Man of the Year 2012

'Naxalism is a political movement, not a police problem'

saini Dharampal Saini | Amey Mansabdar
  • Eminent Gandhian Nirmala Deshpande once asked me to take the lead in making the Naxals surrender, like the Chambal dacoits. I told her that this was an ideological issue and not a law and order problem like Chambal — Dharampal Saini

Interview with Dharampal Saini, who set up the Mata Rukmini Ashram dedicated to girls' education in Bastar, Chhattisgarh. He was THE WEEK Man of Year 2012.

How has Bastar changed in the last four decades?

There was a time when women in Bastar opened their sari pallu for the shopkeepers to pick currency notes for the grocery they bought. Now, women are running shops and dictating terms. Earlier, the adivasis used to give away several kilograms of precious forest produce, sometimes for just a kilogram of salt. Such practices have almost ended. Bastar has come a long way. Earlier, there were hardly any government employees who wanted to come here and the posts were always vacant. Those posts are now filled by the natives of Bastar, because of education.

What do you regret most in your life?

I have enforced honesty in the ashrams to the extent of cynicism, and because of my obstinacy and strict attitude towards financial matters, I have lost many good friends and workers. I should have limited that attitude to my personal life. My policy of zero tolerance on financial issues have often caused discontent among my staff.

Why are the ashram students unable to secure top government jobs?

Our focus was always on creating a ‘good individual’ with basic education. I could not persuade parents to send their children for higher education. Moreover, we were trapped by the quantity theory in the beginning, as nobody was educated. But now we are focussing on quality. Several of our students are taking coaching classes for professional exams. A son of one of our teachers has made it to the IIT this year.

What are your views on Naxalism?

I came here for educating girls. From the very beginning, I kept away from politics. Eminent Gandhian Nirmala Deshpande once asked me to take the lead in making the Naxals surrender, like the Chambal dacoits. I told her that this was an ideological issue and not a law and order problem like Chambal. I am not here for these things.

When did you first realise that Naxalism is entering Bastar?

In 1978, while travelling to several interior villages, I realised that there was something unusual in the air. I wrote letters to Vinobaji and government functionaries informing them of the new developments. However, I strongly feel that Naxalism is a social problem, a political movement, and not a police problem.

What is the solution to the problem?

Mahatma Gandhi is the only solution, and we teach his philosophy. This situation has emerged in the last three decades and will change with educationwhen these Naxal-affected children will become real leaders with proper education. They will change the scenario. If a toddler born in a Bastar village today is not admitted to any of the residential schools, he will certainly join the Naxals.

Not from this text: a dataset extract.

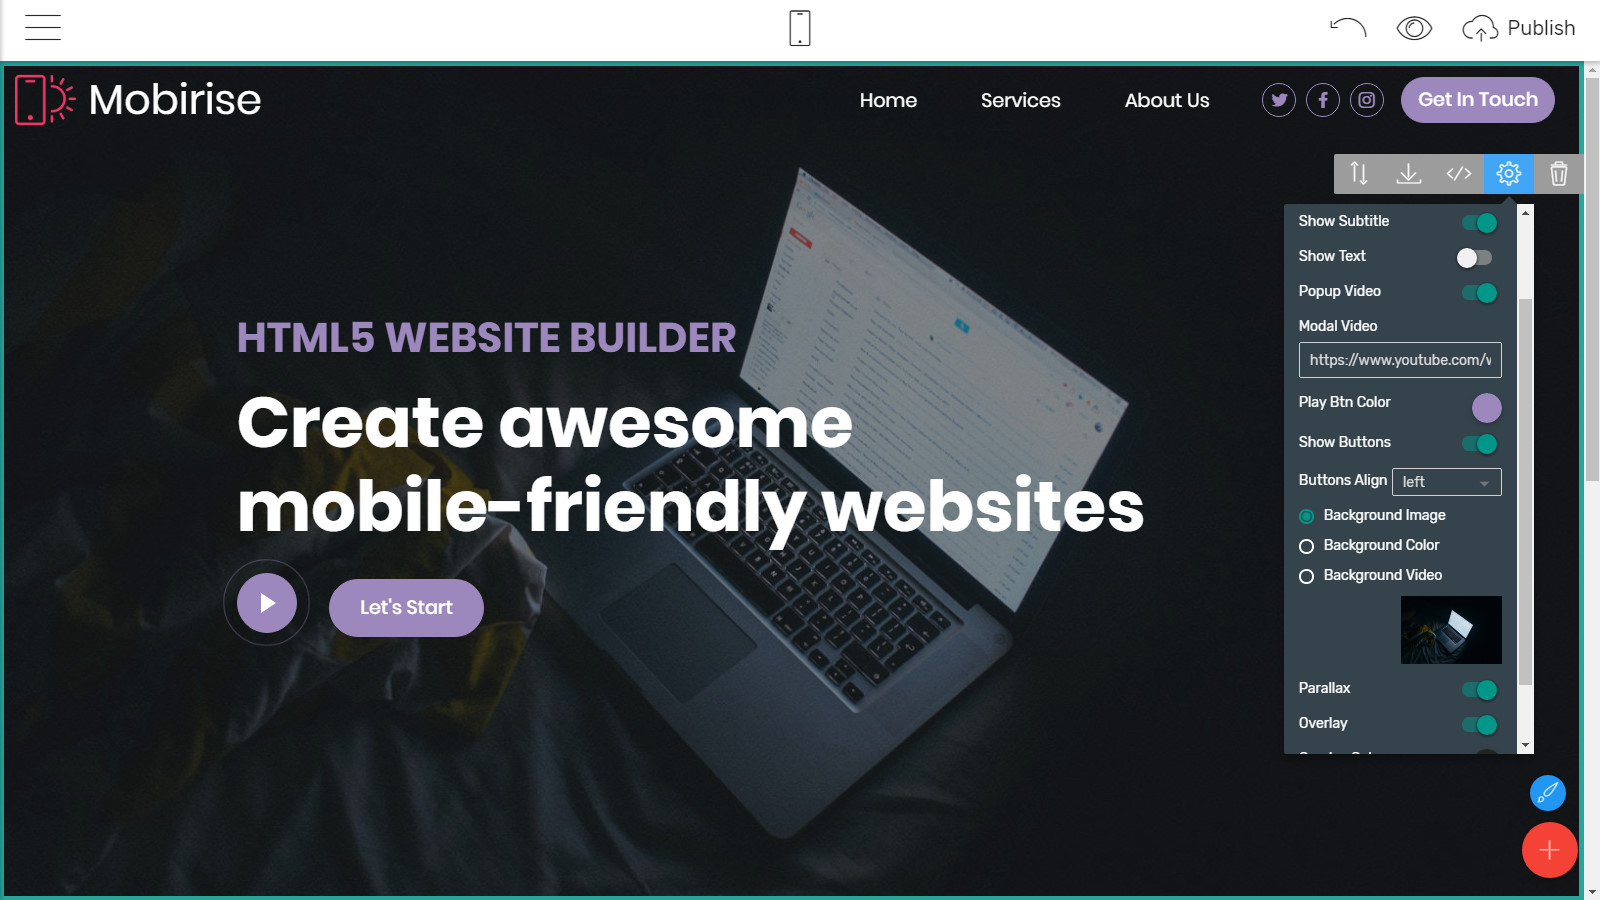 mobile-friendly webpage themes

When will Bastar give up violence and be part of the mainstream?

It will take the next two generations to completely eradicate this menace. I am hopeful that Naxalism will end. There is no reason why it should not, with the spread of education.

Why do you take government support to run your schools?

Why not? After all, it is our government, it is our money. Once a French NGO approached me. They offered financial support, but with strings attached. I flatly refused. Our biggest donors in the recent times have been the National Mineral Development Corporation, which has constructed two huge buildings in Dhurli, Dantewada, and the Indian Oil Corporation, which has constructed a girls’ hostel at Dimrapal. The local MPs and MLAs have donated generously from their area development funds. Private people have their own hidden agenda, while the government, barring its corrupt system, is much better.

Why have you asked your children to contest elections when they grow up?

Democracy is the key in our country. Earlier I used to think that making the kids join politics may affect their careers. But now I feel that they should come forward and cleanse the system.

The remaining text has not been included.